Our finding further supports the critical importance of digital media literacy in the fight against misinformation. Participants with higher digital media literacy in general and digital photography experience specifically were more skeptical of image credibility. This means that interventions to boost digital media literacy could improve discernment of visual misinformation. There is some initial evidence showing the efficacy of such interventions (Guess et al., 2020), although these interventions are primarily focused on textual misinformation at the moment. Scholars and platforms should invest in developing programs and interventions that aim to improve visual digital literacy. We also found that images that aligned with participants’ pre-existing issue attitude were more likely to be perceived as credible, consistent with “confirmation bias” found in prior research (Knobloch-Westerwick et al., 2015; Shen et al., 2019). Taken together, these findings suggest considerable individual differences in their susceptibility to visual misinformation, some of which can be potentially mitigated through media literacy interventions, while others are more enduring and issue-specific. This suggests that public agencies, educators, and platforms can use media literacy and issue-attitude to identify individuals susceptible to specific kinds of visual misinformation. Such susceptibility profiles can be created using a combination of self-reports and digital footprints such as browse and share history. These profiles can then be used for targeted inoculation and correction efforts.

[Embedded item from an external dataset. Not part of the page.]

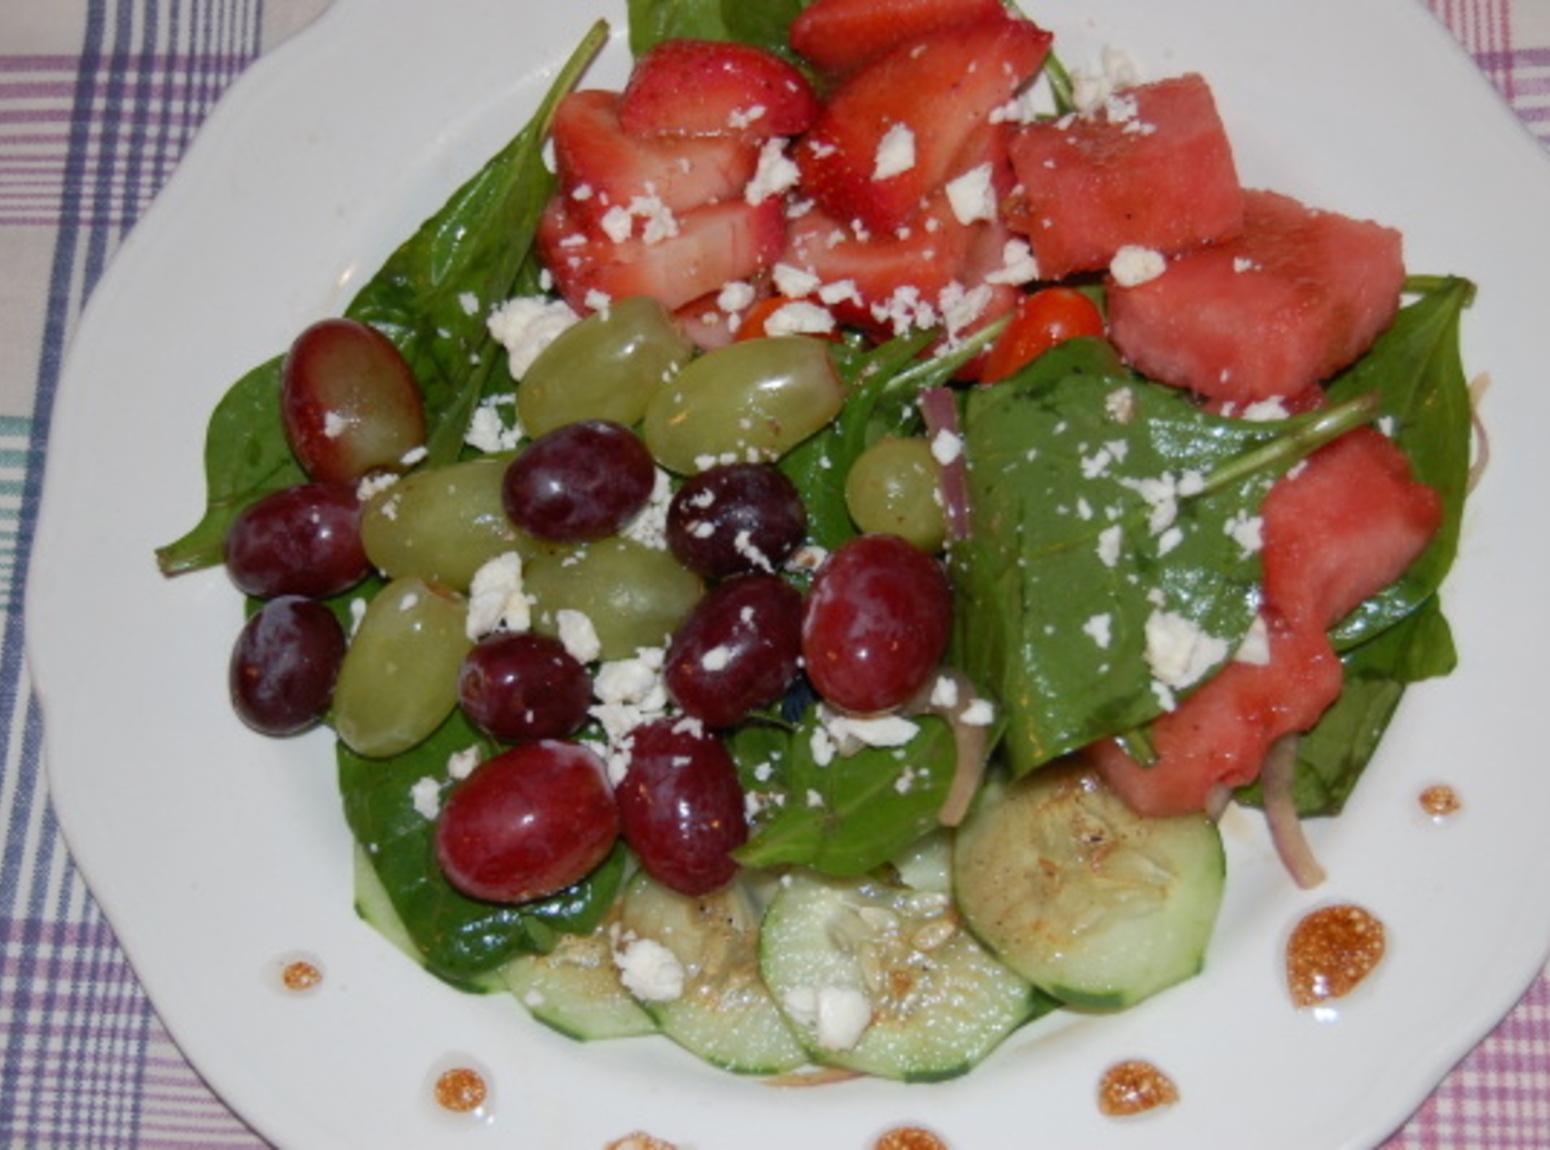 WATERMELON & BABY SPINACH W/BALSAMIC VINAIGRETTE Recipe

We did not find a “continued influence effect,” contradicting some existing research that misinformation perceptions may persist despite correction (Lewandowsky et al., 2012; Walter & Tukachinsky, 2019). This could be partially attributed to our research design, as participants in the post-exposure condition saw the forensic label only a few minutes after seeing the image, so the misbelief may not be strong enough to linger. Source effects were also mixed: “software” worked better than “human” (either “experts” or “other people online”) when placed after image exposure, and “human” worked better than “software” when placed concurrently with the image. Our findings diverge from another study focused on textual headlines, which found that fact-checking labels produced by humans (fact-checkers) worked better than those from software (Yaqub et al., 2020). This discrepancy might suggest that users think humans are more capable than machines in identifying textual misinformation, but much less so in spotting visual misinformation. Taken together, our results represent an initial step in understanding what roles placement and source of forensic labels may play in counteracting visual misinformation, but significant nuances remain to be uncovered in future research.
In sum, we propose the following recommendations:
- Media organizations and platforms should develop and adopt forensic labels attached to news images to combat visual misinformation. These forensic labels are simple, non-partisan, and easy to implement, and are effective on their own without providing further explanations. They also enhance digital media literacy by helping the public consume visuals more critically.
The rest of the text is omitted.